Selbst Innenminister Jean-Pierre Chevènement von der linksnationalistischen Partei MDC schien bei einem Fernsehauftritt Anfang November dem Vorschlag nicht völlig abgeneigt zu sein, obwohl er bisher die Bürgerrechte stets mit der Staatsbürgerschaft verband. »Anlässlich der Erneuerung der Zehn-Jahre-Aufenthaltskarte«, so Chevènement, könne er sich die Gewährung des Wahlrechts an ausländische Staatsbürger »vorstellen«. Wer sich also mindestens 13 Jahren legal im Lande aufgehalten hat, kann eventuell mit der Gnade des Innenministers rechnen.

Dabei steht eine Reform schon lange auf dem Programm der Regierungsparteien. 18 Jahre lang hatten die großen Linksparteien das Versprechen immer wieder in ihre Sonntagsreden aufgenommen, ohne jemals Anstalten zu machen, es auch in die Tat umzusetzen. Das Wahlrecht für in Frankreich lebende Immigranten forderte bereits das Programm der »Linksunion«, das die französische KP und der PS 1972 verabschiedet hatten. Als der Sozialist Fran ç ois Mitterrand 1981 zum Staatspräsidenten gewählt wurde, hatte er zuvor die Maßnahmen in sein 110-Punkte-Programm aufgenommen. Das war vor der Wahl.
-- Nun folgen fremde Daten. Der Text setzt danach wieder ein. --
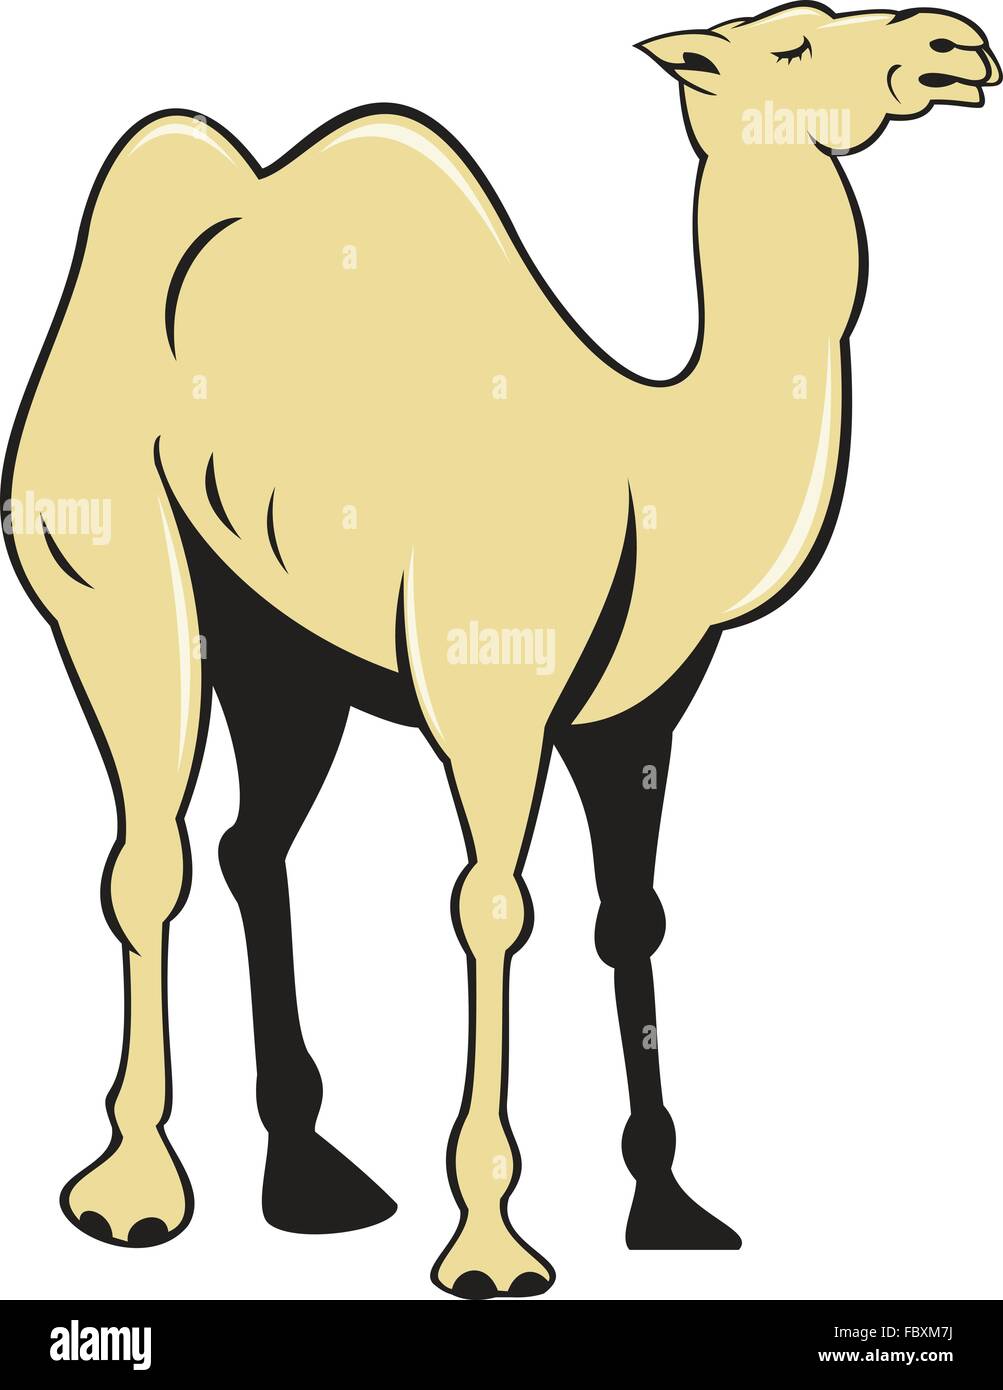 Illustration of a camel viewed from the side set on isolated white background done in cartoon style. Stock Vector

Während der achtziger Jahre pflegte der zum republikanischen Monarchen avancierte Mitterrand einen machtpolitischen Umgang mit der Idee, den Immigranten ein Wahlrecht zuzugestehen. Nach den jeweiligen Wahlen kam es nicht mehr in Frage, an die versprochene Reform zu denken: angeblich wegen der ablehnenden öffentlichen Meinung. Damals feierte der rechtsextreme Führer des Front National, Jean-Marie Le Pen, mit seiner rassistischen Politik seine großen Erfolge.

Kurz vor wichtigen Wahlterminen schien sich Mitterrand jedoch plötzlich an die alte Forderung zu erinnern - natürlich mit Kalkül: Die unpopuläre Forderung sollte Le Pen stärken. Dessen Aufstieg, so kalkulierte Mitterrand, spalte die konservative Rechte und halte sie auf Dauer von der Regierung fern. Nach den Wahlen freilich wurde die Forderung erneut vergessen.

Die Zeiten haben sich geändert: Die extreme Rechte ist seit einem Jahr gespalten und als politische Kraft, erstmals seit 15 Jahren, deutlich geschwächt. Die öffentliche Meinung hat sich in der »Ausländerpolitik« spürbar entspannt.

In diesem Jahr verzeichneten die Umfragen erstmals mehr Befürworter (52 Prozent) als Gegner des Wahlrechts für »Ausländer»; bei den Jüngeren stellen die Befürworter mit 73 Prozent sogar eine beachtliche Mehrheit dar. Rückenwind also für die Linken. Vor allem die repressive Haltung von Innenminister Chevènement gegenüber den illegalen Immigranten treibt unterdessen die Befürworter an, sich für die Wahlrechtsforderung einzusetzen: Immerhin 60 Initiativen und Bündnisse sammeln derzeit Unterschriften.

So hatte ein Rundschreiben des Innenministers an seine Untergebenen in den letzten Wochen viel Empörung ausgelöst. In der internen Amtsanweisung, die Ende Oktober durch die Pariser Tageszeitung Libération veröffentlicht wurde, rief er die Präfekten dazu auf, »eine spürbare Steigerung der tatsächlich durchgeführten Entfernungsmaßnahmen während der letzten Monate des laufenden Jahres« herbeizuführen. Um die Zahl der »Entfernungsmaßnahmen«, Ausweisungen also, steigern zu können, fordert er von den Behörden, eine Fingerabdruckkartei aller Personen einzurichten, die - als ausländische Staatsbürger - einen Aufenthaltstitel in Frankreich beantragt haben. Zudem sollten die Behörden systematisch Personenkontrollen an »Orten, wo sich normalerweise Illegale konzentrieren«, durchführen.